Compared with the model trained from training set without oversampling, those oversampled training set will help to generate better model with high score in terms of precision, recall, f1-score. Because in a company, attrition will cause much more loss than doing something to detain employees.

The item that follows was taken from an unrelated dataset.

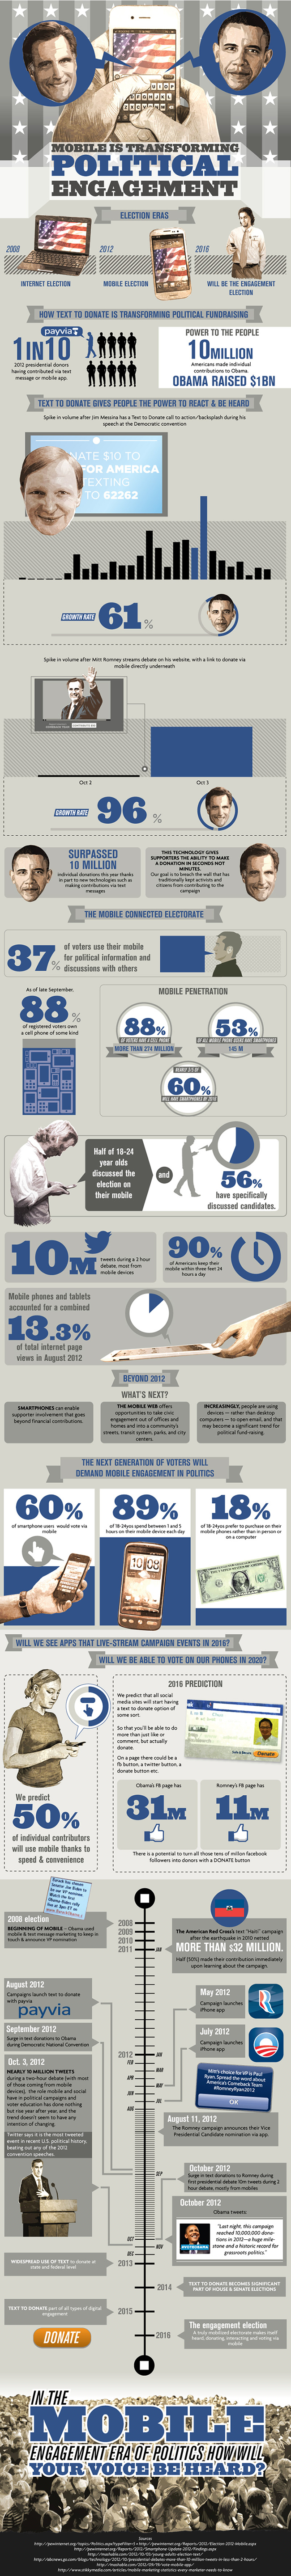 Political campaigns go mobile: infographic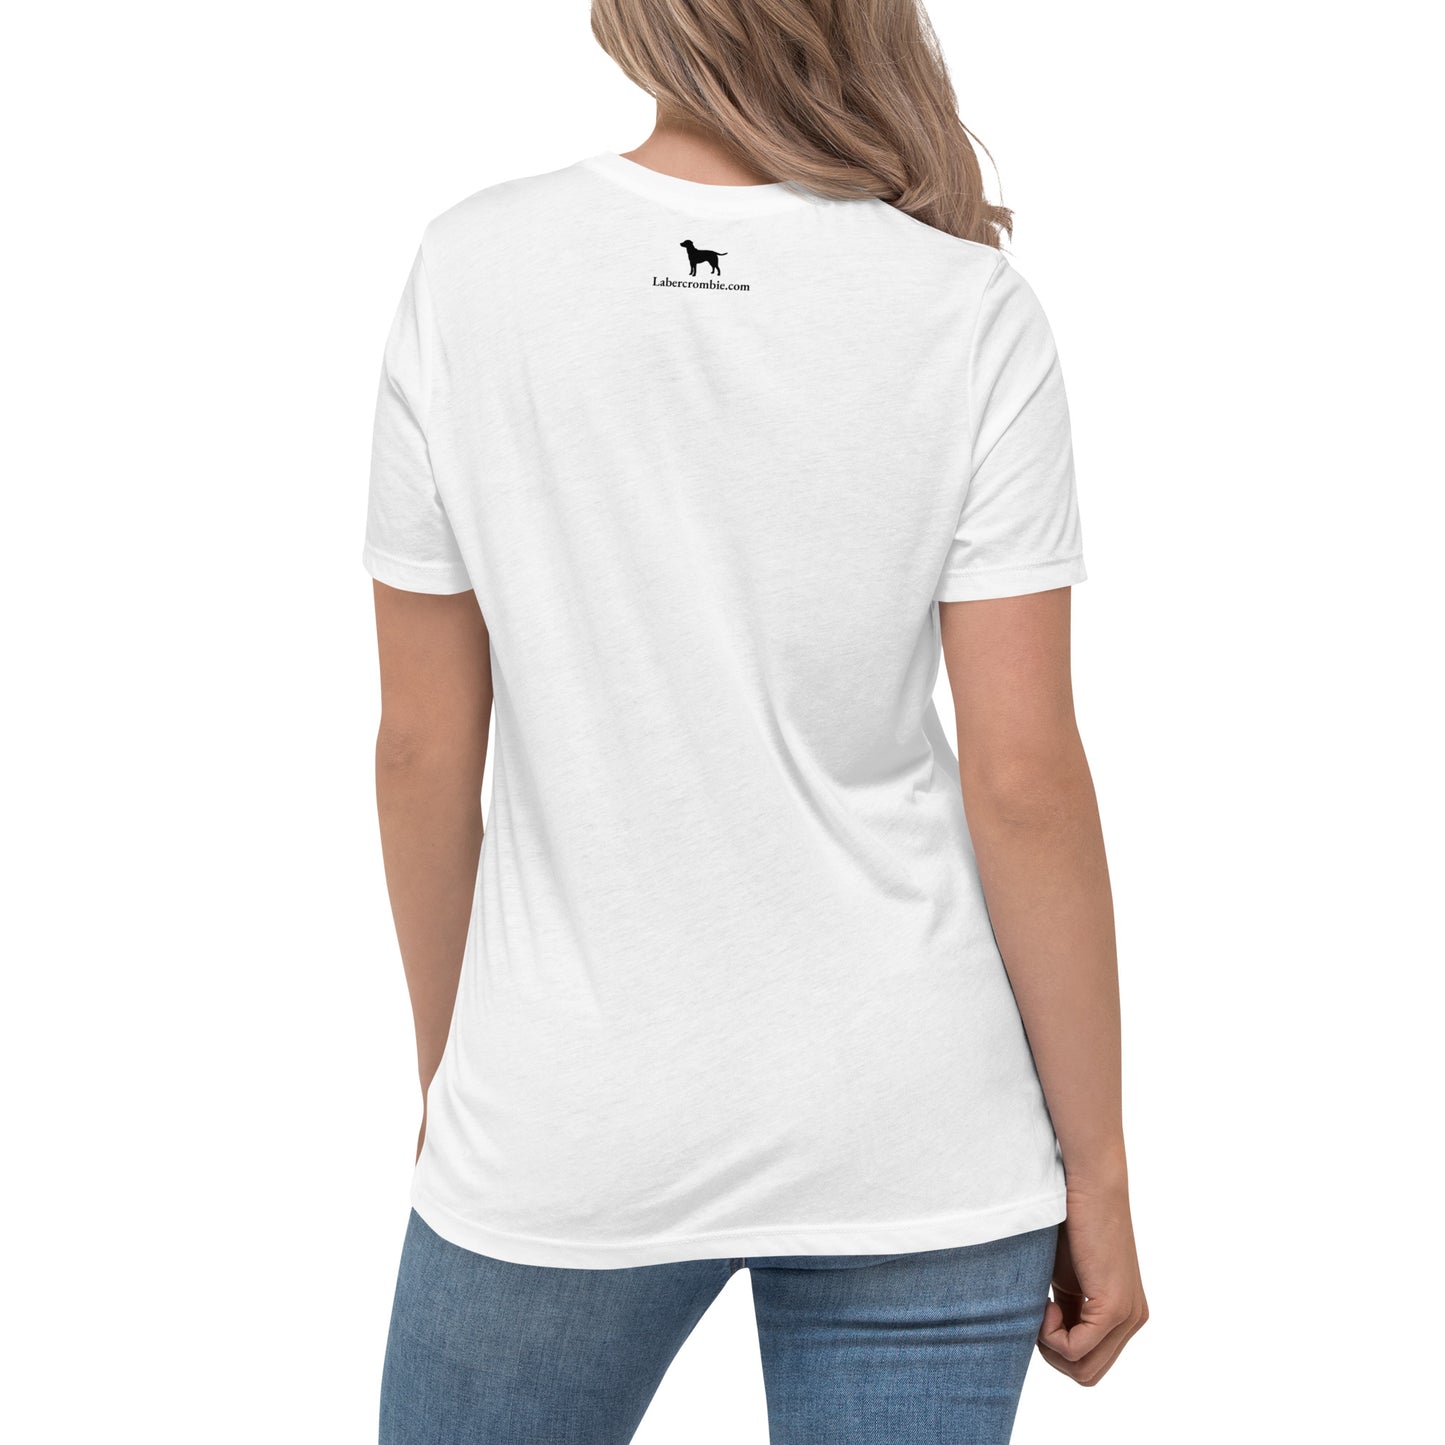 Woofle House Women's Relaxed T-Shirt

So, whether can distinguish all employees who want to leave is significant. Hence, we need to consider the AUC value and recall rate for ‘Yes’ class.  As for feature importance acquired from SVM, working overtime is the most significant reason to attrion. Then, Laboratory Technician and Sales Representative have more possibility to leave. Besides, those who’s education background is human resource are also tend to leave.